Joan believes the Tommy's franchise to be a scam, Marcie also has heard many things about Tommy's restaurants being a scam, no one could possibly make money with a Tommy's restaurant. Marcie continues to count her money while every one else tells her she can't because mathematically it shouldn't be possible.

Moral of this story?

You are a business owner, you are responsible for yourself, you need to manage your Uber program properly to make money. Just plugging in the app and waiting for money to pour in is not necessarily going to work well for you, just like simply opening a restaurant on a random corner isn't going to necessarily work well either. Just like with a restaurant, you want a good location where business will be good, go where the money is. Don't try to make a living on non surge X rides unless you are getting some sort of promotion $ as a result.

You know what, nevermind, you're right, it's impossible to profit from Uber, everyone quit please.


----------



## uber strike (Jan 10, 2016)

uber wants ignorant drivers that do not calculate expenses. uber just wants you to drive and think that your earnings are actually your earnings. that is why majority of uber x drivers are high school drop outs, ex military, and people that do not even know the english language.


----------



## renbutler (Jul 25, 2015)

Lando74 said:


> Her math is wonky. She assumes the IRS deductible as a cost, not a tax credit. Smart drivers can use mileage to pay very little tax. Each vehicle has different total operating costs, older cars have a much lesser degree of depreciation, albeit more repair and maintenance costs. Insurance cost would be incurred whether or not we drove uber. It doesn't go up with mileage unless you have a hybrid policy, and even then you would only consider the added expense. Not every market charges drivers sales tax. Her example of a 61¢ net fare is probably a glitch - I've had the same type of glitch on that screen but the actual amount paid was correct. She also doesn't factor surge pricing. If you took only surge in LA, you would be making much more than 90¢/mi. She assumes flat pricing 100%.
> 
> This video is hyperbole or just insufficiently researched. There are likely drivers who aren't making nearly as much as they think they are, but you'd have to drive 10 minutes for each fare & every fare would have to be minimum without surge to make nothing at all.

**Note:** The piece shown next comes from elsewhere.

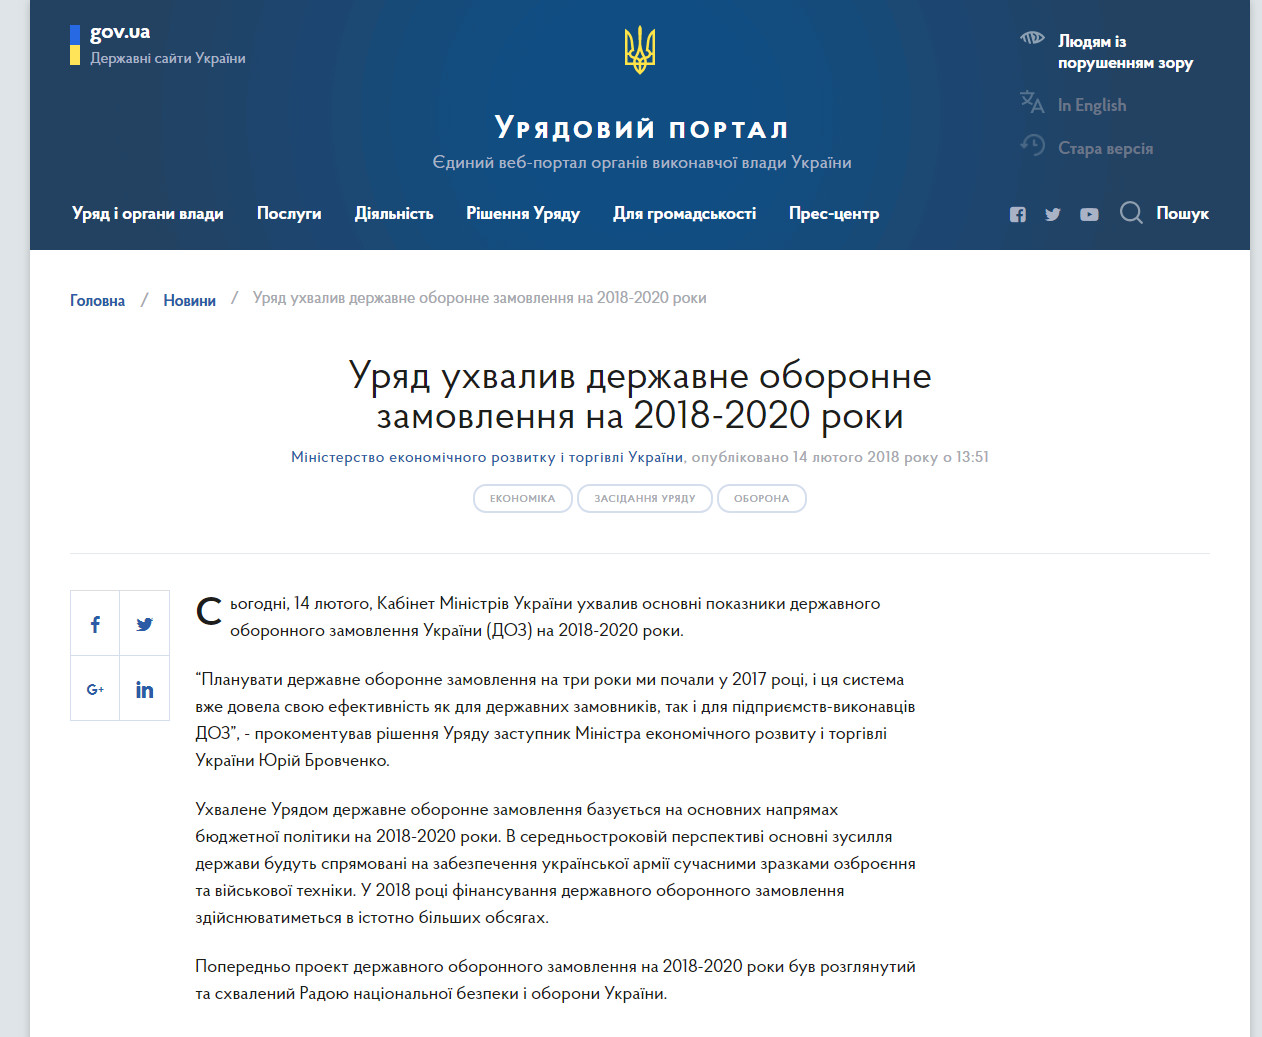 https://www.kmu.gov.ua/ua/news/uryad-uhvaliv-derzhavne-oboronne-zamovlennya-na-2018-2020-roki

Seriously, we need a hacktivist to get into Uberpeople's system and replace ALL of the hyperbolic posts with this.


----------



## dnlbaboof (Nov 13, 2015)

what is she talking about sales taxes, even if there were there the rider would pay for them, i think she means payroll taxes. plus business licenses, but some good points in the video.


----------



## LindaB (May 14, 2016)

In my view, this isn't black & white. The income is better than a lot of min wage jobs out there, and what makes it perfect for those with unpredicatable availability for work (such as you came down with the flu or your wife is in the hospital for a few days or you are a student with irregular schedule, etc) you can totally pick your hours and won't get fired for you or your family getting sick which is really big these days. The pick your own schedule is huge for some. Car depreciation really only counts hugely in the first 2 years therefore if your car is already a couple of years old and gets good fuel economy, then your true expense is much less than someone who buys a new car and uses it for Uber. The mileage tax allowance is set by the IRS and includes fuel allowance, depreciation, maintenance etc. Actual taxable income is likely to end up low at year end after mileage tax deductions, but have to factor in social security payments based on gross.

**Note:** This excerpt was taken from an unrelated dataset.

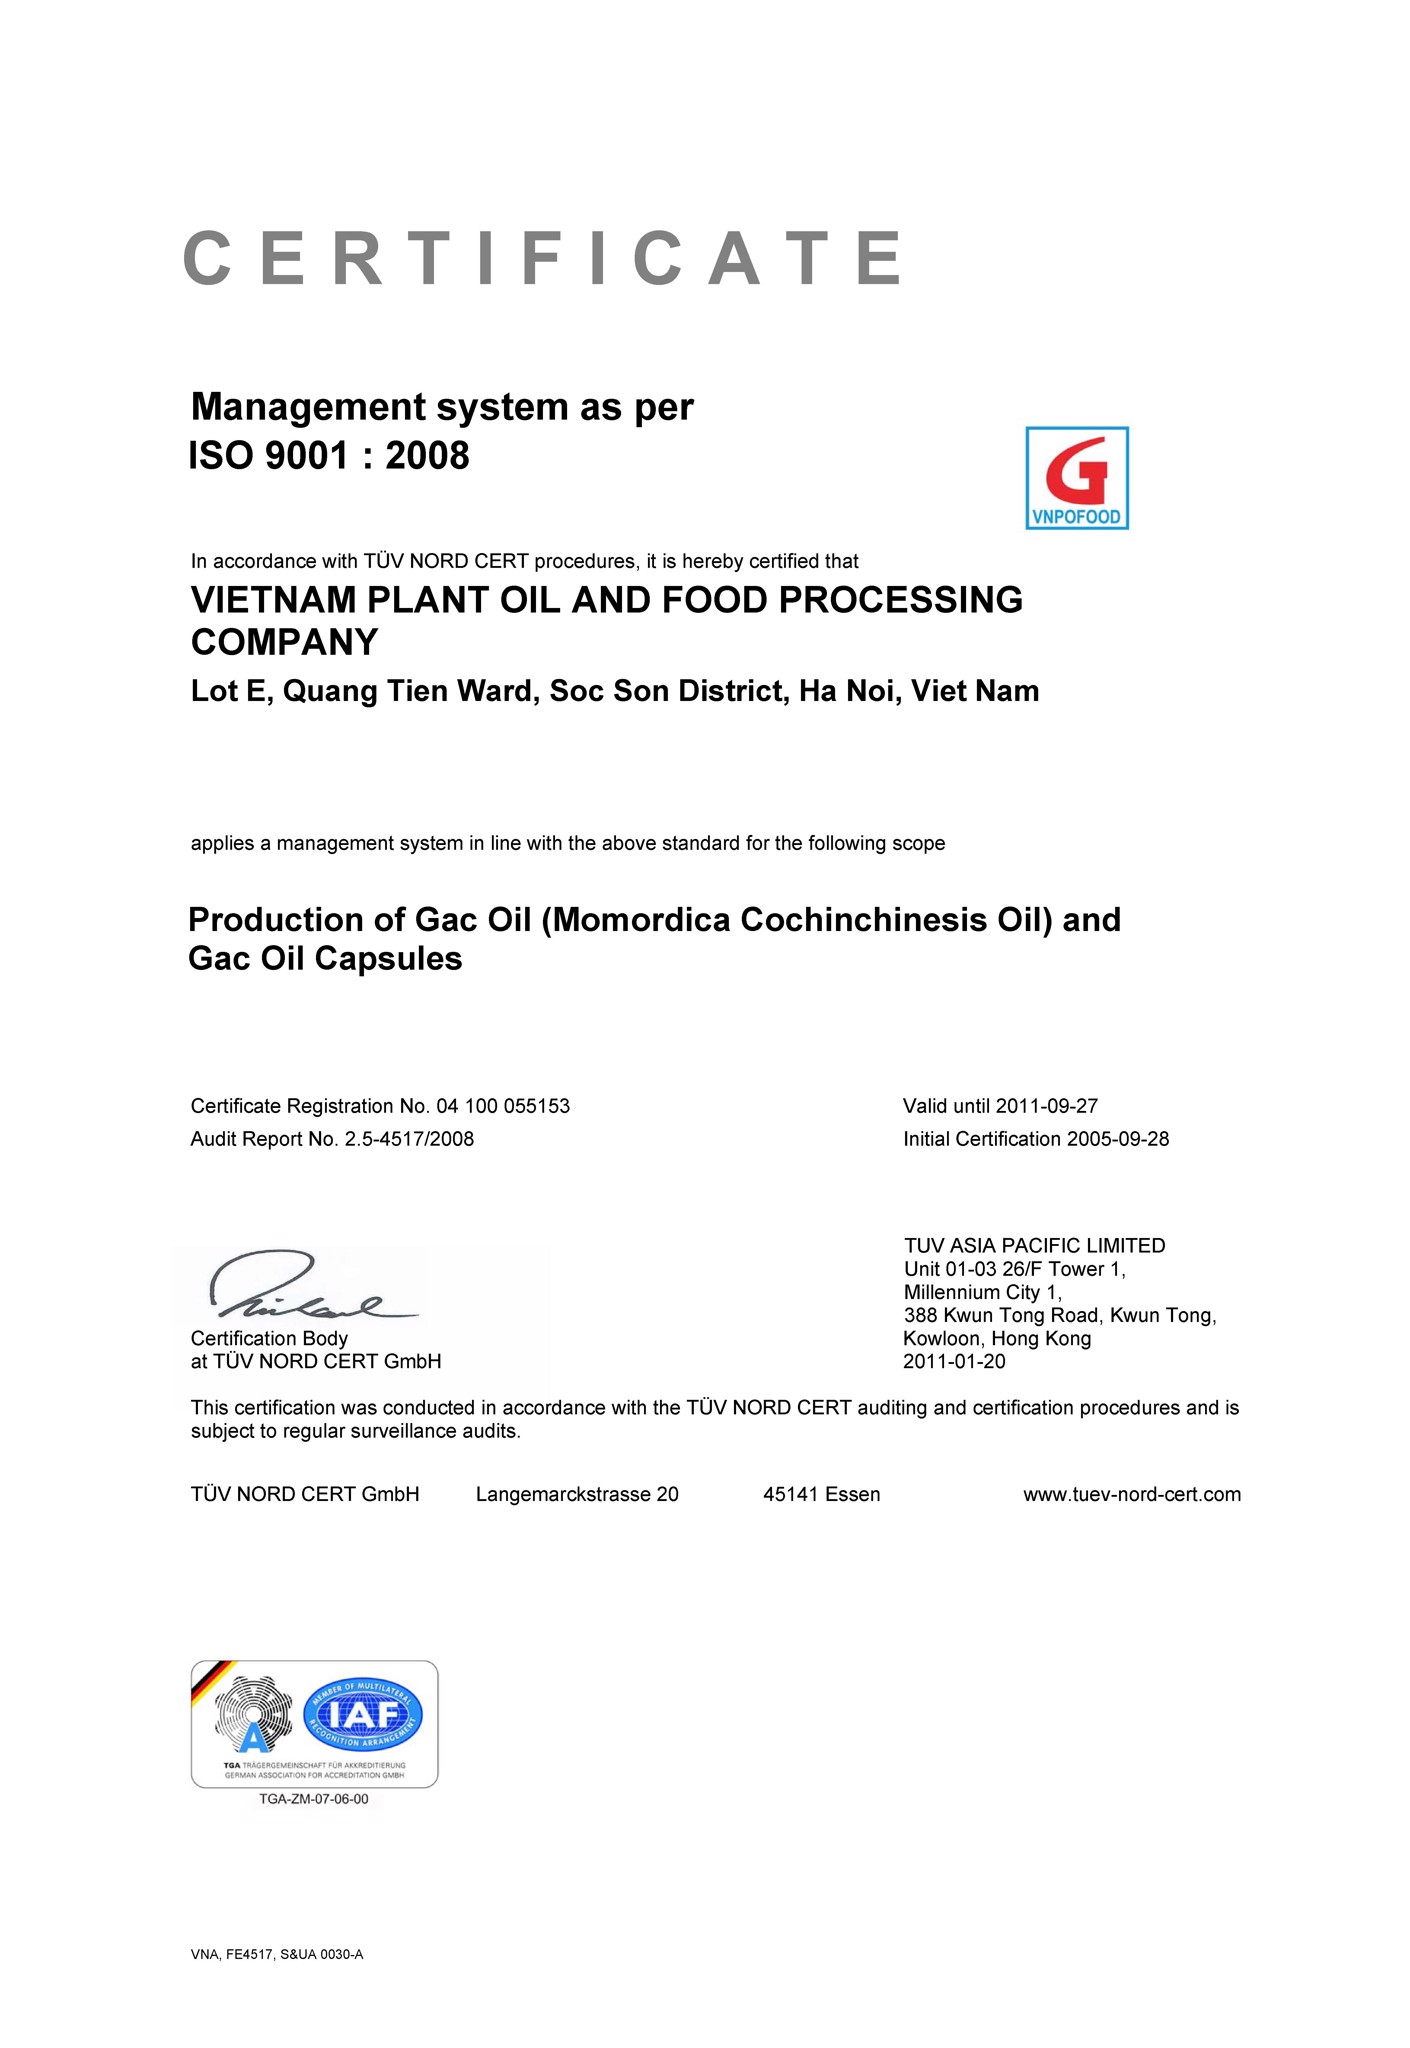 Công ty TNHH Chế biến dầu thực vật và thực phẩm Việt Nam

Ultimately, those who diss Uber apparently make better than poverty wages each year OR work for the taxi industry. Am thinking Uber base rates need to be bumped up a little though for short trips to be lower cost but more competitive with taxi industry. Consumers prefer Uber over taxi because cars are nicer and they can track their driver via app with net less wait time. Win win. No need for Uber in city trip to be less than a beer at the bar riders are being transported to.


----------



## uberdriverfornow (Jan 10, 2016)

There is no sales tax on service. I'm confident this is anywhere in the US. There may be very rare situations where there is a tax on service but it certainly wouldn't apply to Uber. However, the rest of the math seems atleast close to being accurate.


----------



## Plethora (May 7, 2016)

None of you are business owners. You work for an employer that wants to avoid the duties of employing people. They set your rates, create the rules and even manage your marketing. You are pawns to an organization that should be investigated by congress for duping so many people and investors too. Their false advertisement and predatory tactics are obvious. They are constantly raising capital to keep these cash negative companies afloat, as they pay the new drivers bonuses to get them on board. Most of their marketing goes to duping their own employees.

I make a six figure income and had several employees sign-up to do this over a county fair weekend. I was curious and they were excited. I could tell that later on they were a bit disillusioned. I went ahead and signed-up and worked two days to test the theory. I worked ten hours and drove 336 miles. In that time, I gave about 18 rides. The net to me after commissions was about $170.00. Wow, I made $17.00 per hour. But wait... two car washes $12.00, gas $46.00, now we are looking at $11.00 per hour. Or, I can use the IRS calculation which is now $57.5 cents per mile. In this case, it cost me with depreciation on my vehicle, $193.20. Darn, now I lost $20.00. Even if I was making minimum wage, I would have to see another $120.00 in revenue. To make the $20.00 per hour guarantee, I would need an additional $320.00 in revenue.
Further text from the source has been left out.